Вещий Олег. Глава 40. Бег по кругу

               
               
 
   
        Выйдя из кафе, он так и не решил: куда пойдет? Домой? Не годиться. К однокурсникам? Забыл прибавить слово «бывшим», а нужен ли он им, с его неопределенностью, с его нежеланиями следовать чужим рекомендациям. Собственный взгляд на происходящее ценится лишь у тех, кто достиг вершины социальной лестницы,  а тем, кто только стремиться к ним, выгодно плыть по течению, обходя подводные камни, то бишь, проблемы. Нет у него друзей, зато врагов он себе нажить успел, благодаря старшей сестре, будет их на одного меньше. 

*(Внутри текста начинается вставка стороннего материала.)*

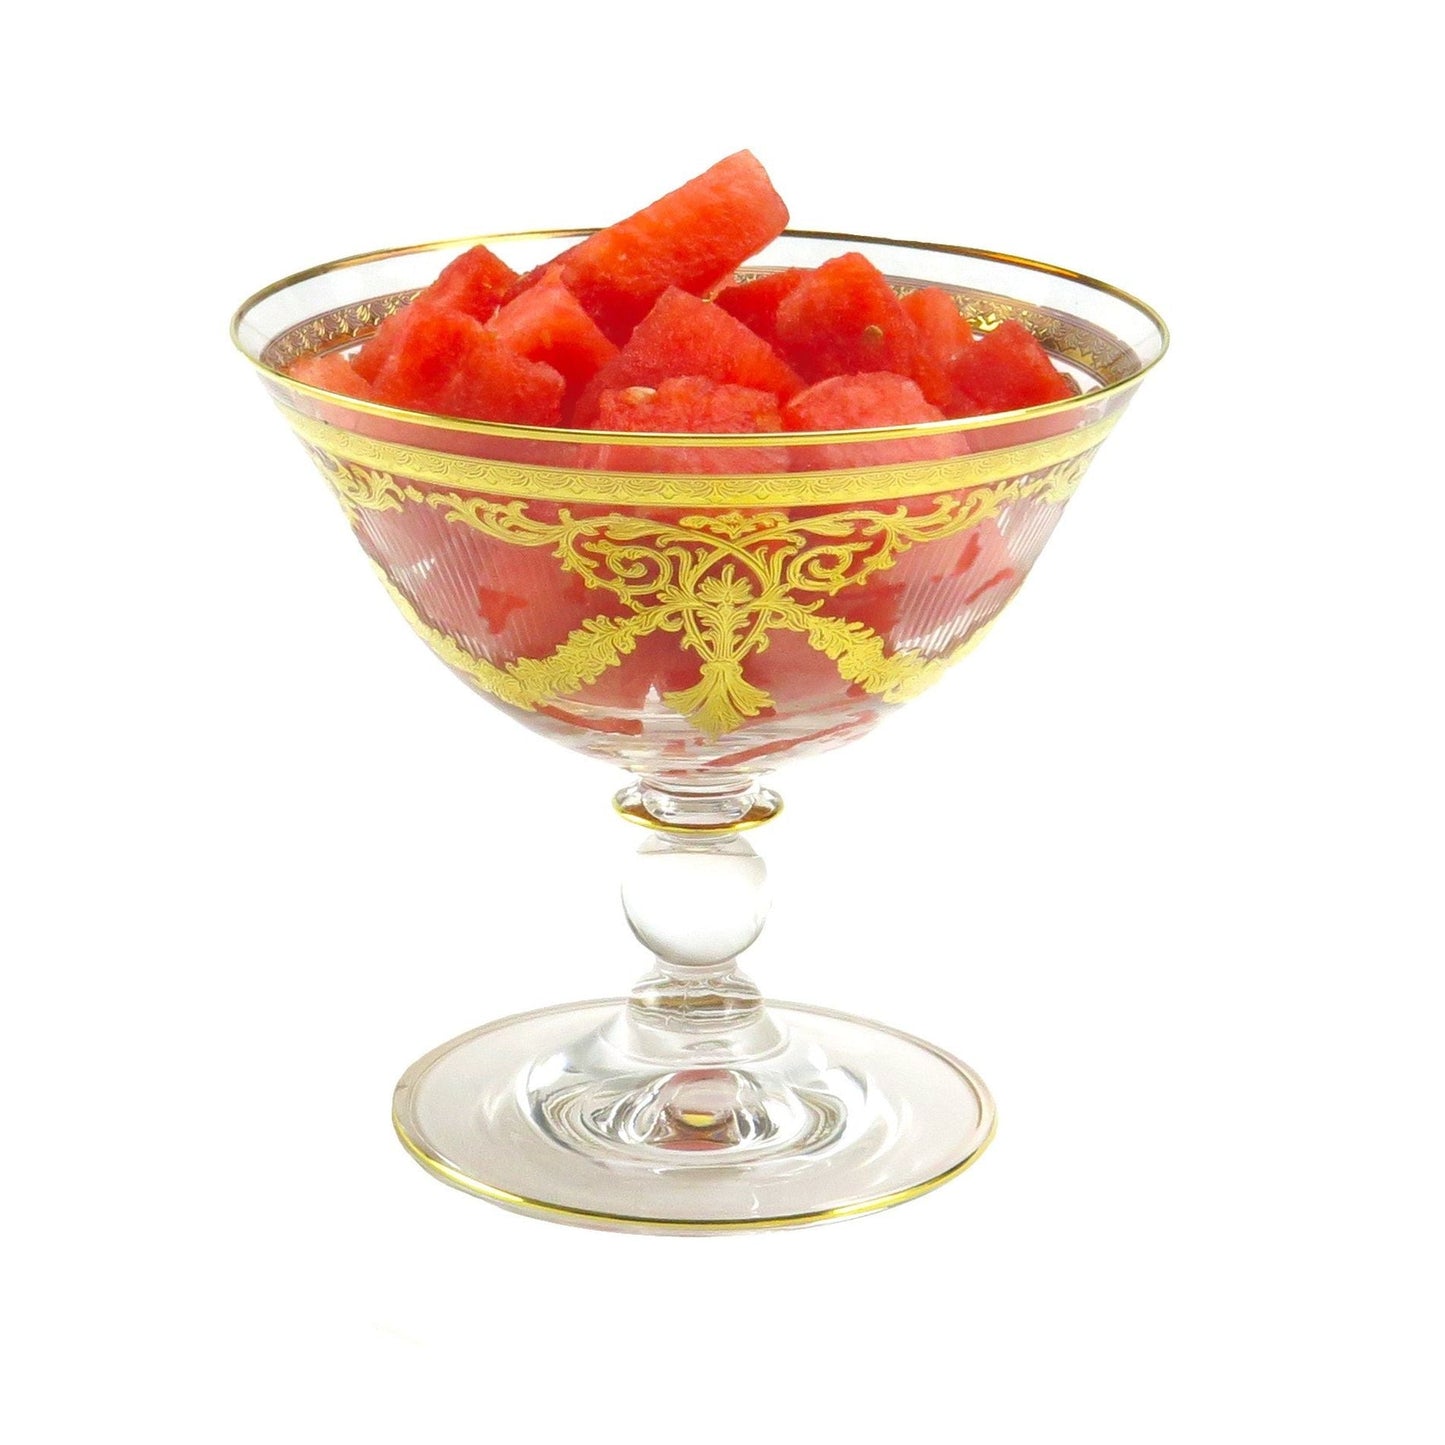 Classic Touch Decor Dessert Cups With 24K Gold Artwork, 4.5"
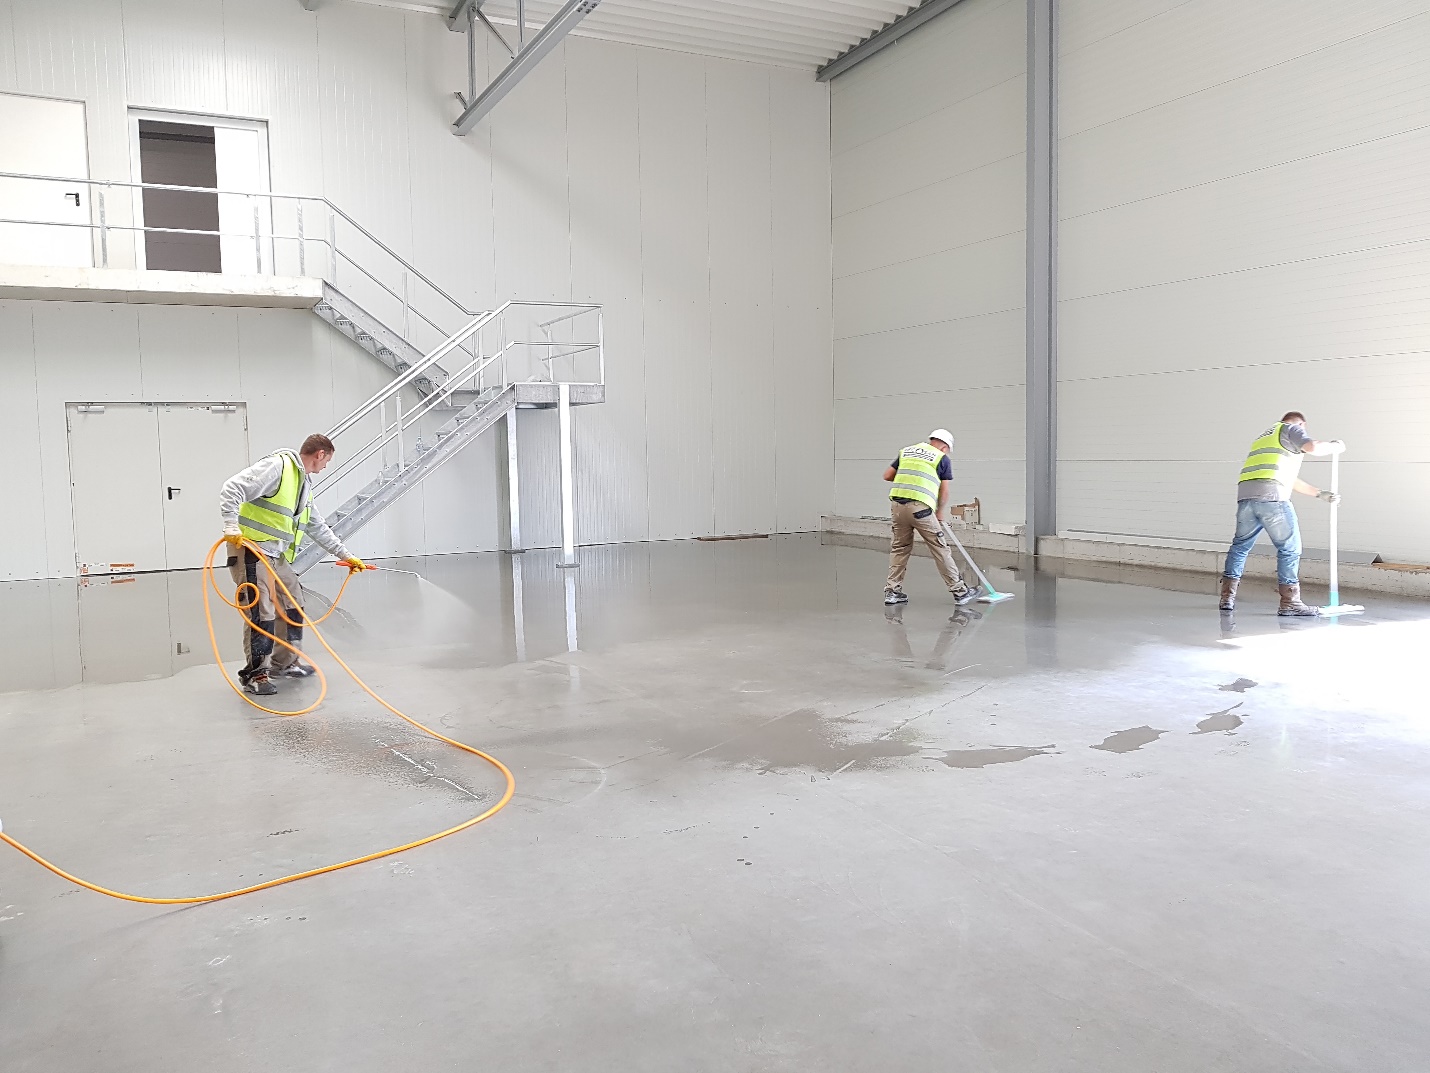  Preparing to Grind and Polish a Concrete Floor

Разомлев от сытной еды, он присел на лавочку. Чего ему для счастья надобно? Был бы уголок, где можно было бы отдохнуть от будничной суматохи, пара – тройка книжонок, с интригующим содержанием и …. Все. От бабского общества он раз и навсегда отказался, после недавнего разговора с Мазуровой. Эта бессердечная кукла и театр-то полюбила только за то, что там можно не затрудняться, подцепив богатого жениха, ведь вся ее любовь к Мельпомене объясняется ненасытной страстью к деньгам, где театральные подмостки лишь ступень к богатству. «Я выйду за любого обеспеченного человека, будь он хоть трижды дурак или безрукий. Безногий, с деньгами для меня он – писанный красавец. Деньги в нашей жизни решают все». Припоминая день их знакомства, Женя отметил ее неумную страсть к материальным средствам, потому, ради любимой, легко отважился на кражу. А когда понял, что может воровать даже у самых близких людей, намеренно пошел на преступление, именно так классифицирует Уголовный кодекс похищение им ювелирных украшений  и денег из квартиры приятеля, предоставившего ему ключи, с целью передачи письма. Воровал он не единожды, и с каждым последующим случаем в нем просыпался азарт добытчика. Риск быть обнаруженным лишь подстегивал его на «подвиги», и, если бы не признание Мазуровой, как знать, не исключено, что он продолжал бы посягать на чужую собственность. Из-за первой любви, которая стала для него губительной, он бросил III курс Юридической Академии. По окончанию ее, его ждало блестящее будущее, подкрепленное стабильной работой и защитой от всяких потрясений. А теперь? Теперь он – никто, ни юрист, ни – артист, и некому-то он не нужен. Он жил одними общениями и недосягаемыми ориентирами, но скоро напомнит о себе военкомат, стало быть, без жертв не обойтись. На этот раз придется пожертвовать принципами, и расстаться со своей независимостью. Сколько раз он прокручивал в воображении предстоящий с отцом разговор. «Ты не в гостиницу вернулся, а, значит, за тобой будут закреплены определенные обязанности», пожалуй, не худший вариант его возвращения в семью, выраженный в форме жесткой альтернативы. Отец, конечно же, обяжет его все вечера посвящать работе в конторе, и вовсе не с целью получения профессионального опыта, главное – приносить в семью деньги. Вскоре ему суждено будет превратиться в безропотный винтик запущенного в действие механизма. Он станет послушным исполнителем чужой воли, и не все ли равно, какова ее конечная цель, если приз на финише достанется не ему?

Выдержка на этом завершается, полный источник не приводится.